DESCRIPTION OF THE TASK: From the line containing "Method for inspecting" down to the line containing "UNIVERSAL HEIGHTS OFFICIALLY" in the records below, reproduce every line exactly, ends included, and omit all others.

[[ SUPPLIED RECORDS, beginning ]]

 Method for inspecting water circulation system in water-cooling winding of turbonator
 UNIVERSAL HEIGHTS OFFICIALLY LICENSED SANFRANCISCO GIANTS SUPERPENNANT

[[ SUPPLIED RECORDS, end ]]
[[ SUPPLIED RECORDS, beginning ]]

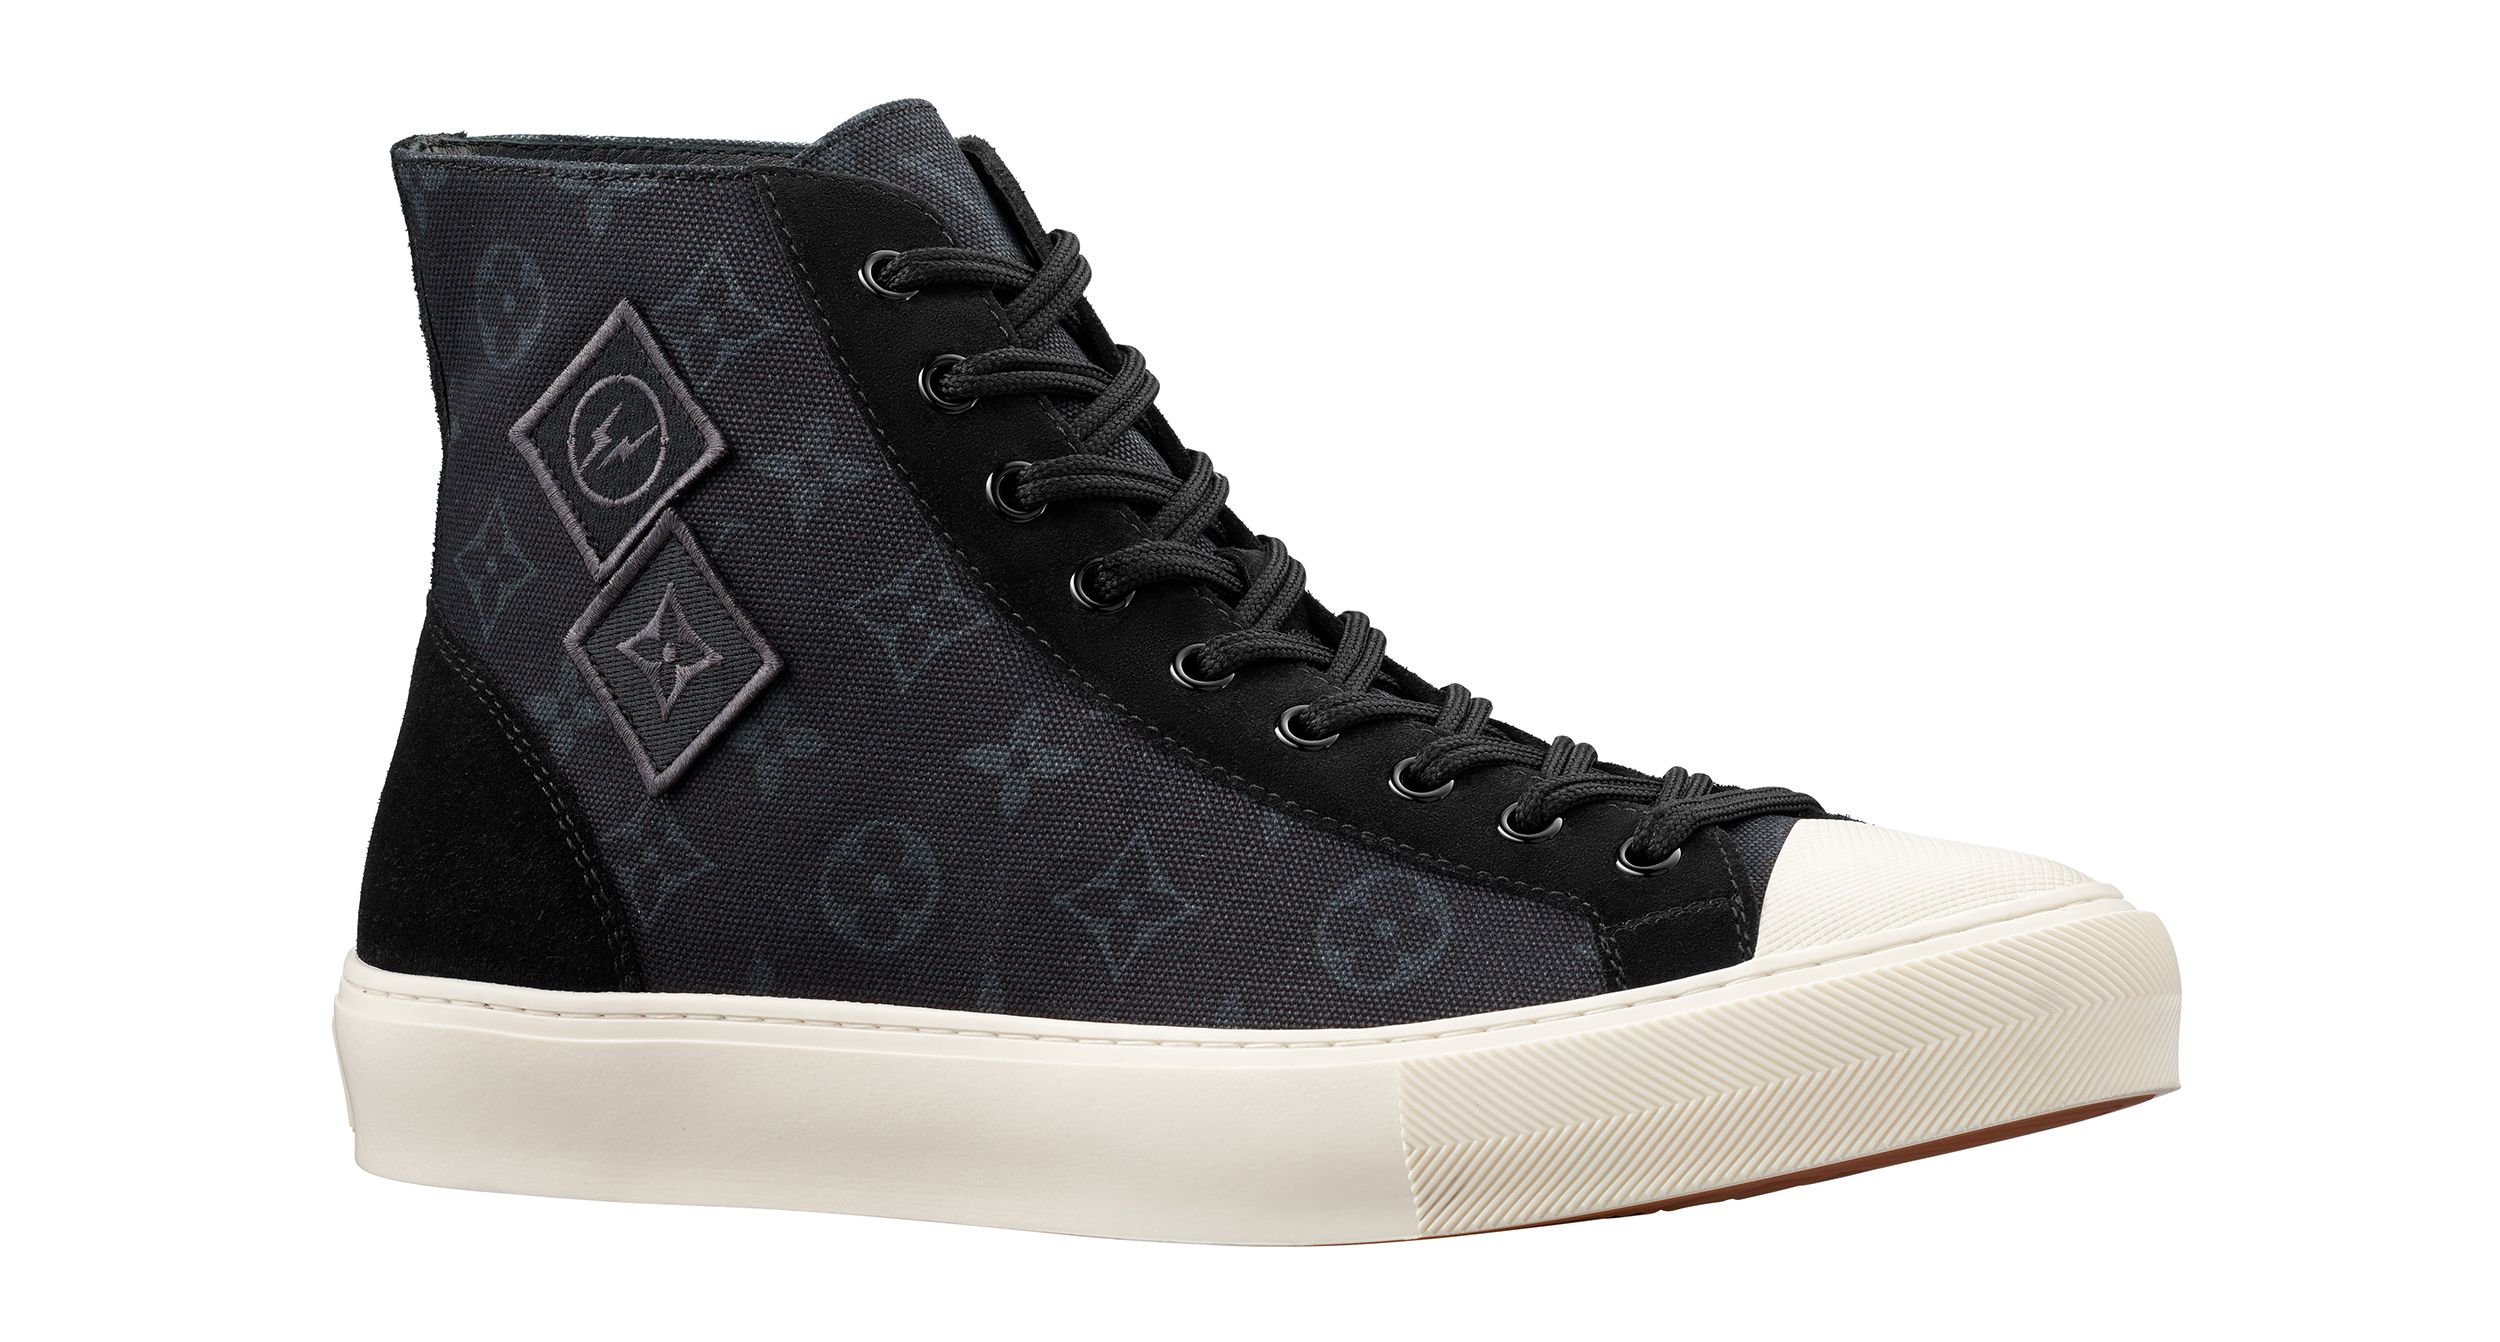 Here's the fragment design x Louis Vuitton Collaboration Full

[[ SUPPLIED RECORDS, end ]]
[[ SUPPLIED RECORDS, beginning ]]

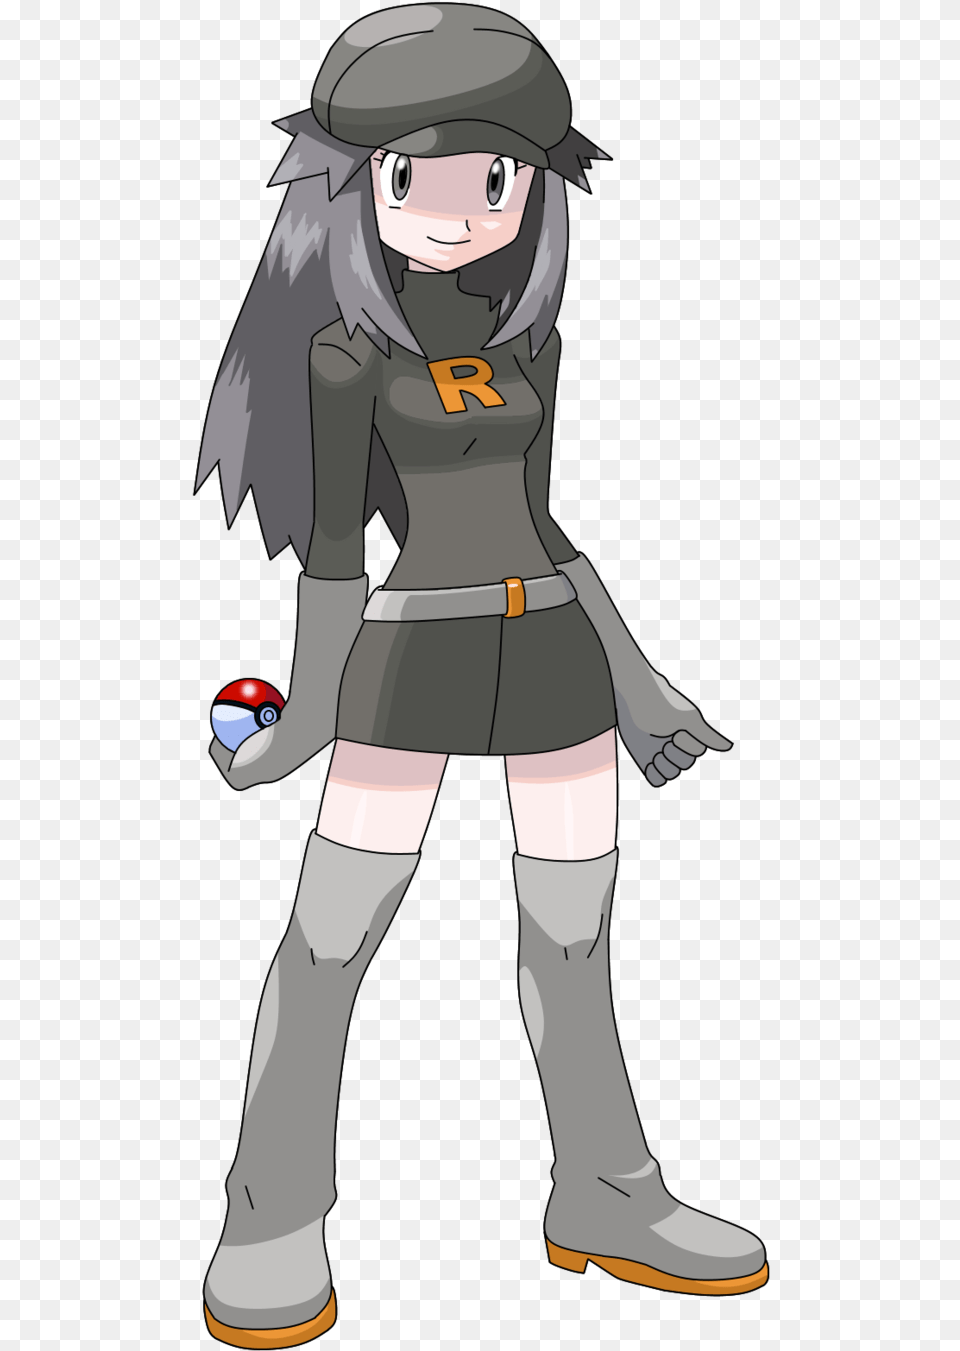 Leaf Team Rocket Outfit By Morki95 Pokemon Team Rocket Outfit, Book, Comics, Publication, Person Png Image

[[ SUPPLIED RECORDS, end ]]

SOLVED EXERCISE:
 Method for inspecting water circulation system in water-cooling winding of turbonator
 UNIVERSAL HEIGHTS OFFICIALLY LICENSED SANFRANCISCO GIANTS SUPERPENNANT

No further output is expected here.